Stored data:
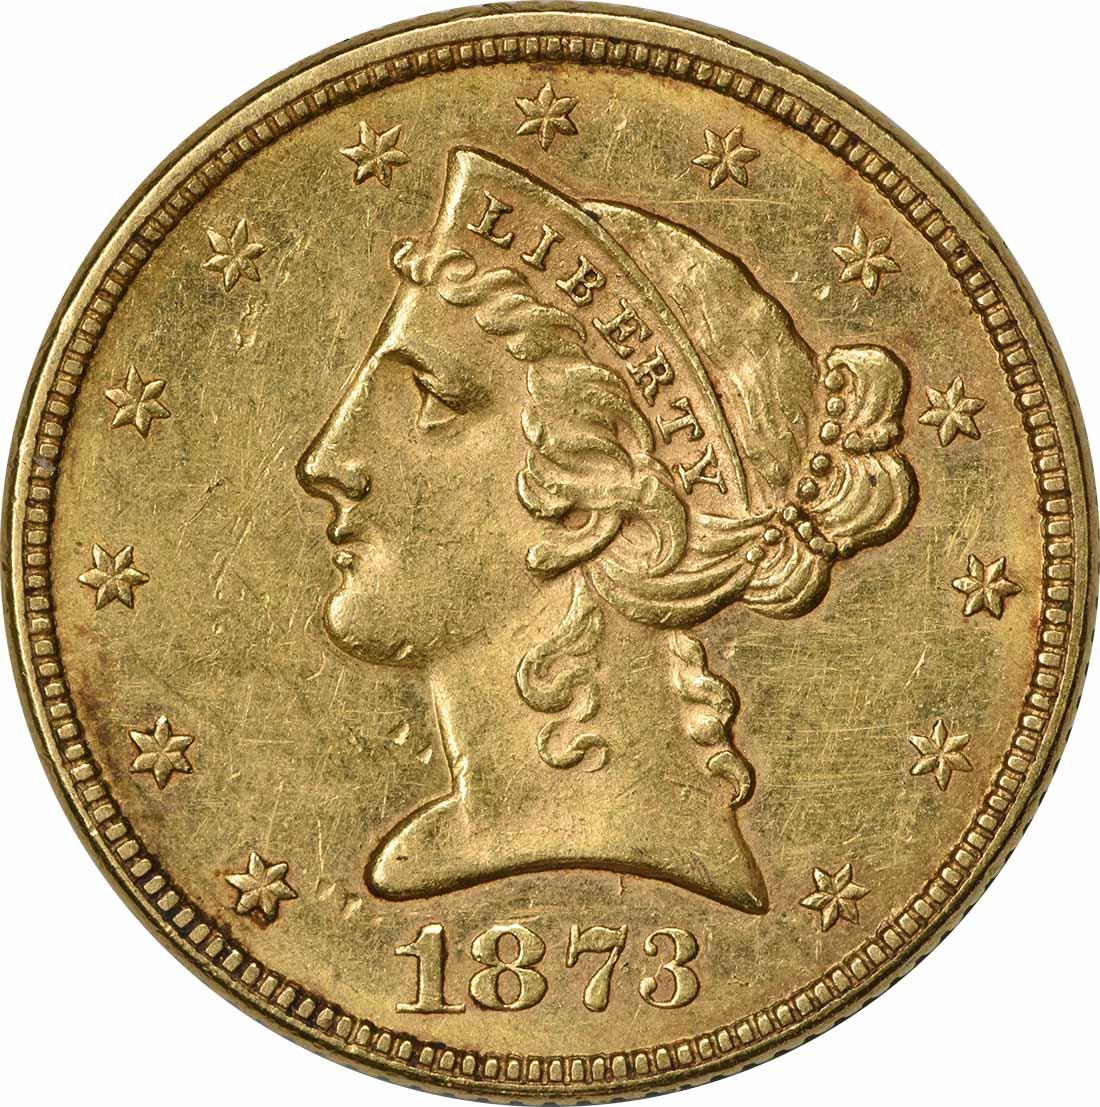 1873 $5 Gold Liberty Head Open 3 AU58 Uncertified
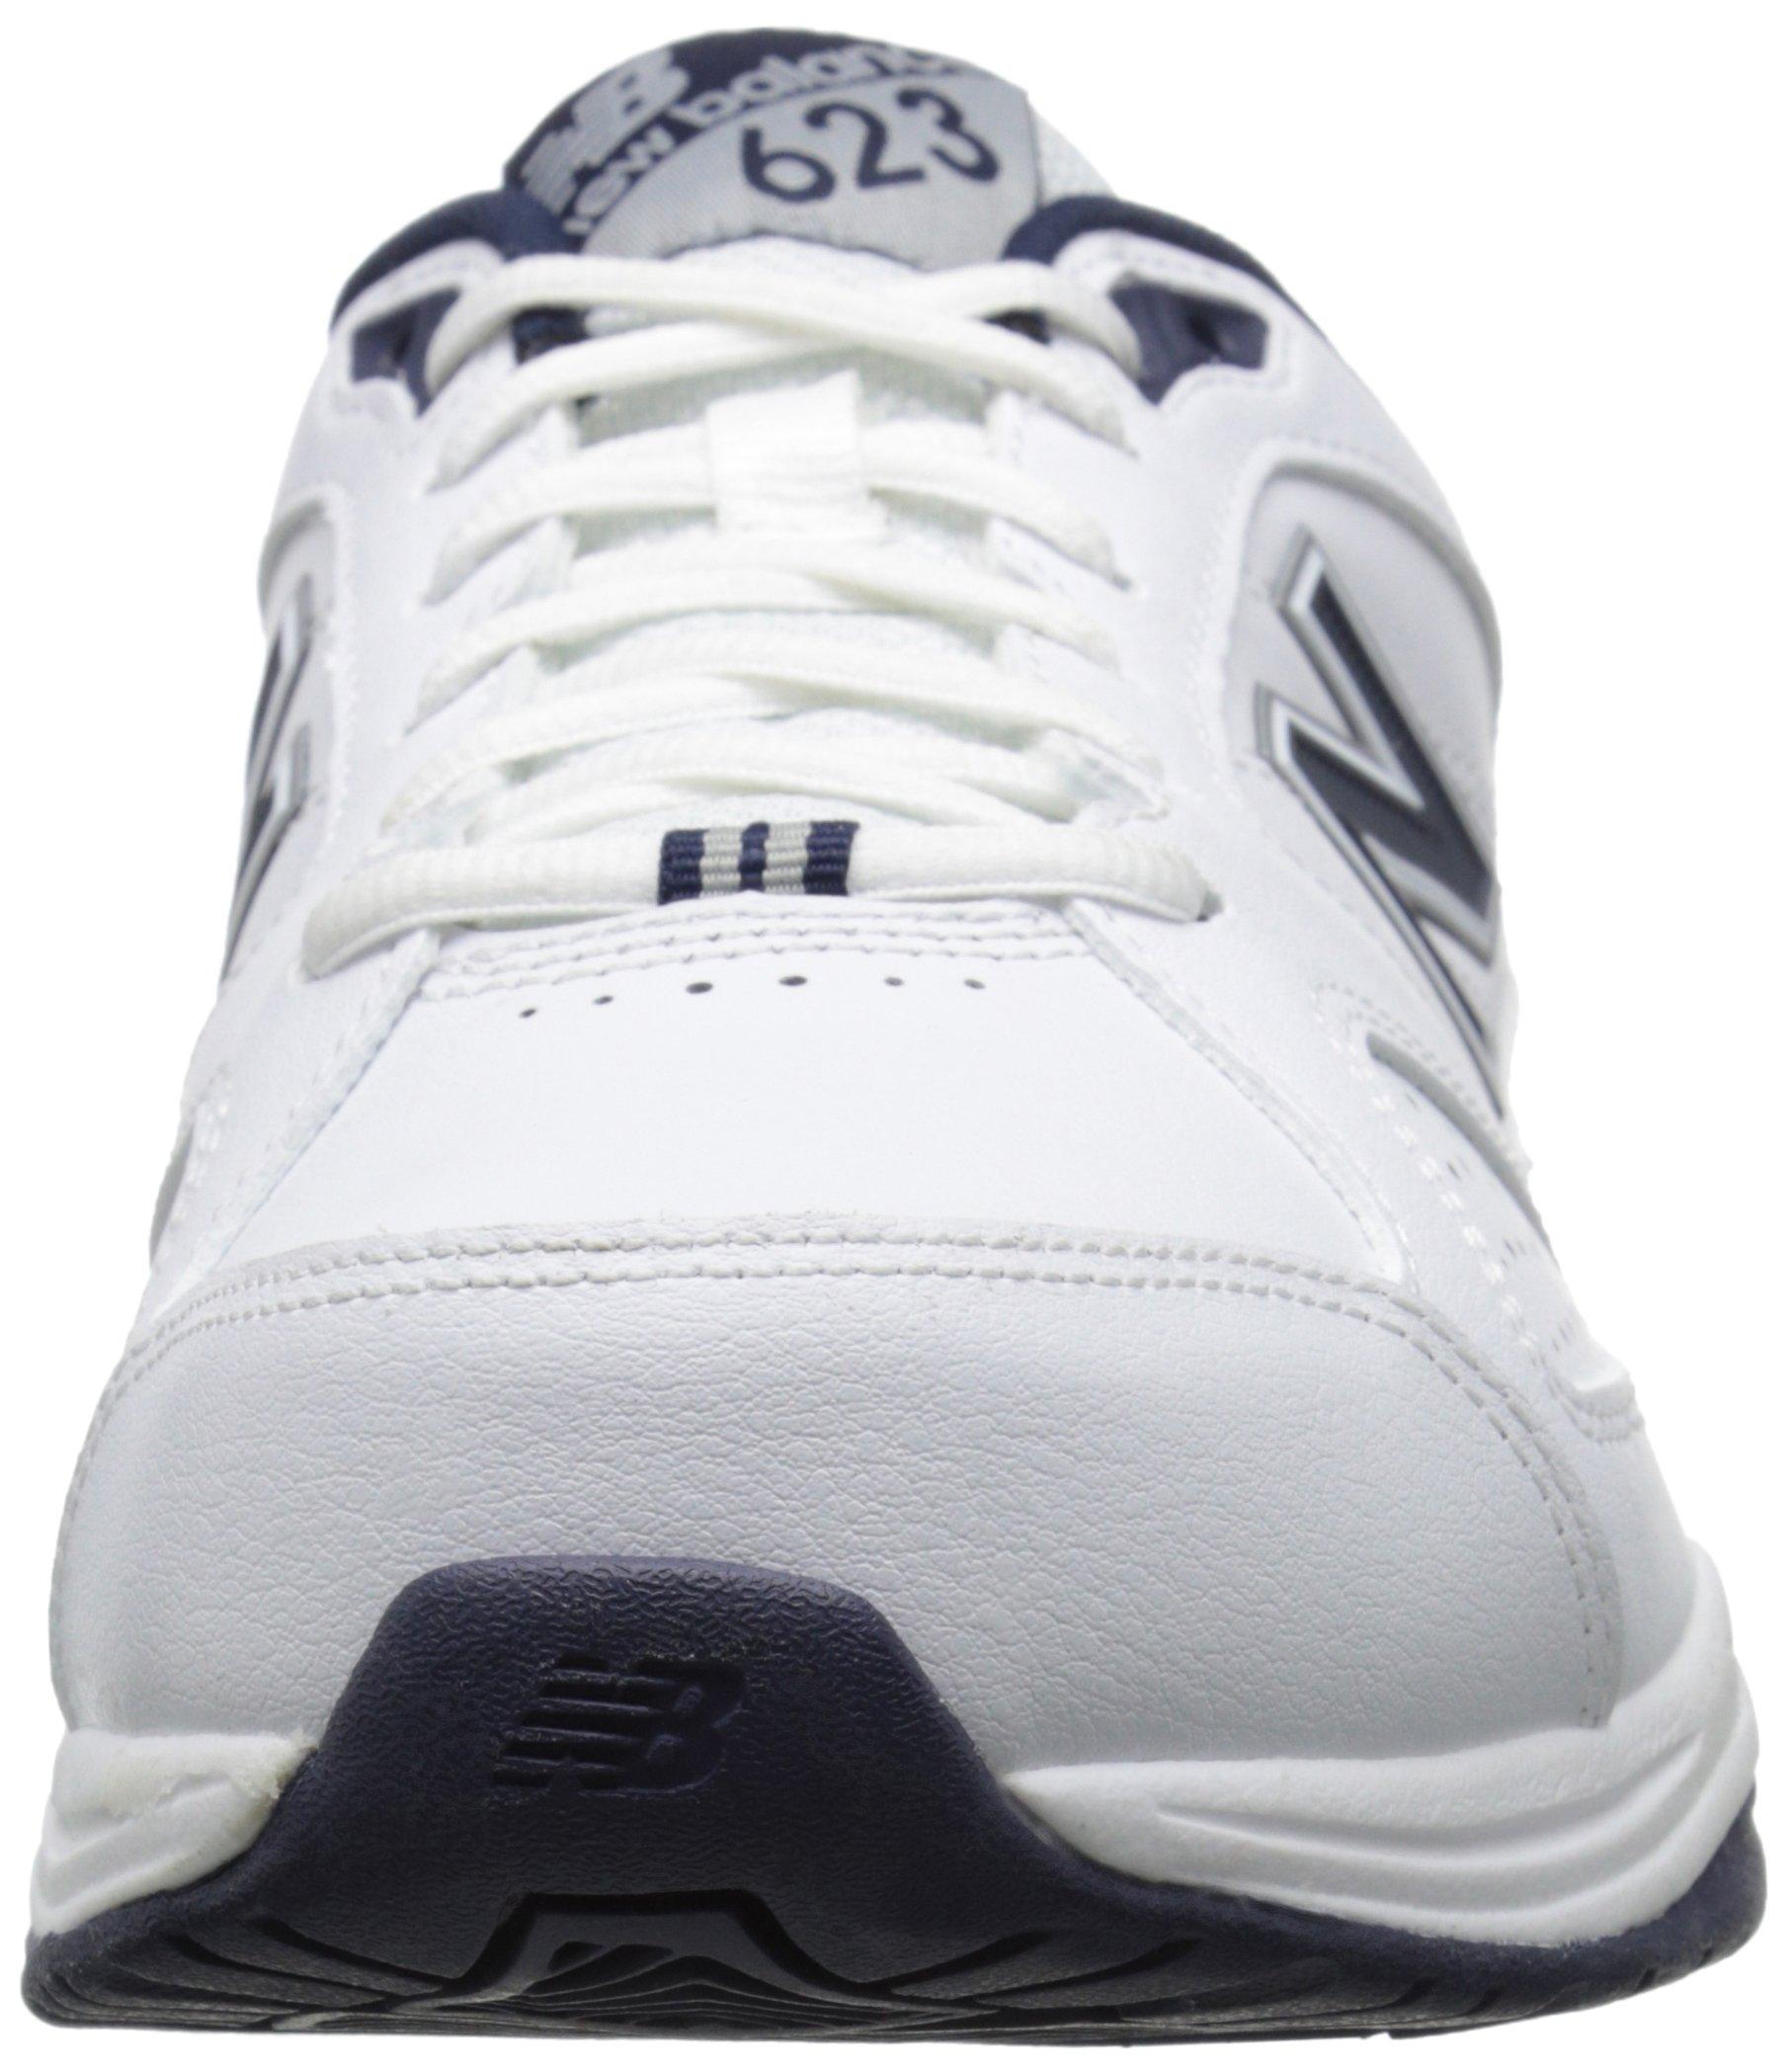 New Balance Men's MX623v3 Casual Comfort Training Shoe,  White/Navy, 8 M US by New Balance (Image #4)
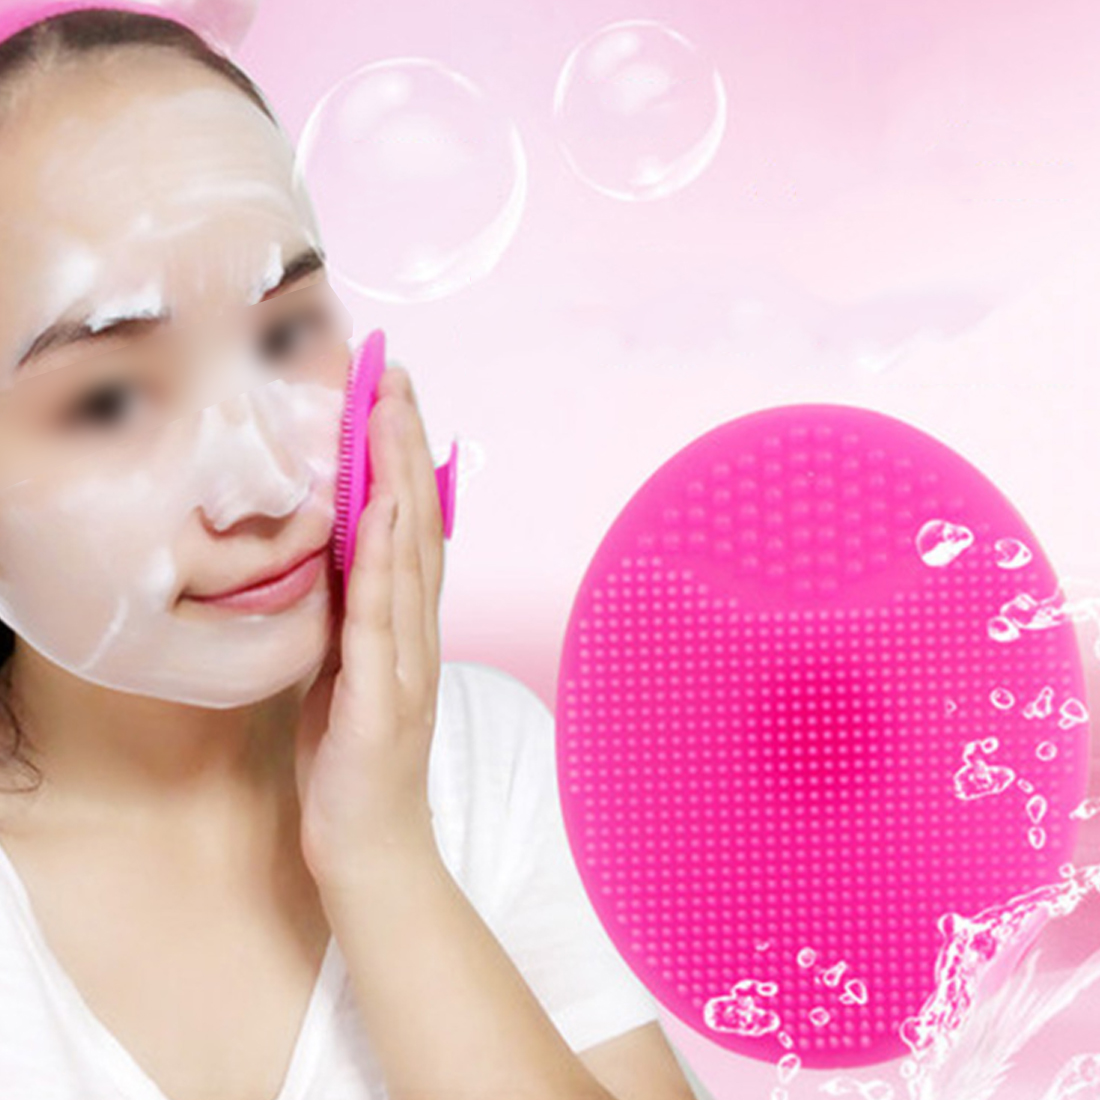 Hot Sale 1 PC Silicone Gel Egg Shaped Washing Face Cleaning Pad Facial Exfoliating Brush SPA Skin Scrub Bath Tool Random Color

Aim of the exercise:
Leave out the pictures. Transcribe the rest of the listing above exactly.

Answer to the problem:
 1873 $5 Gold Liberty Head Open 3 AU58 Uncertified
 New Balance Men's MX623v3 Casual Comfort Training Shoe,  White/Navy, 8 M US by New Balance (Image #4)
 Hot Sale 1 PC Silicone Gel Egg Shaped Washing Face Cleaning Pad Facial Exfoliating Brush SPA Skin Scrub Bath Tool Random Color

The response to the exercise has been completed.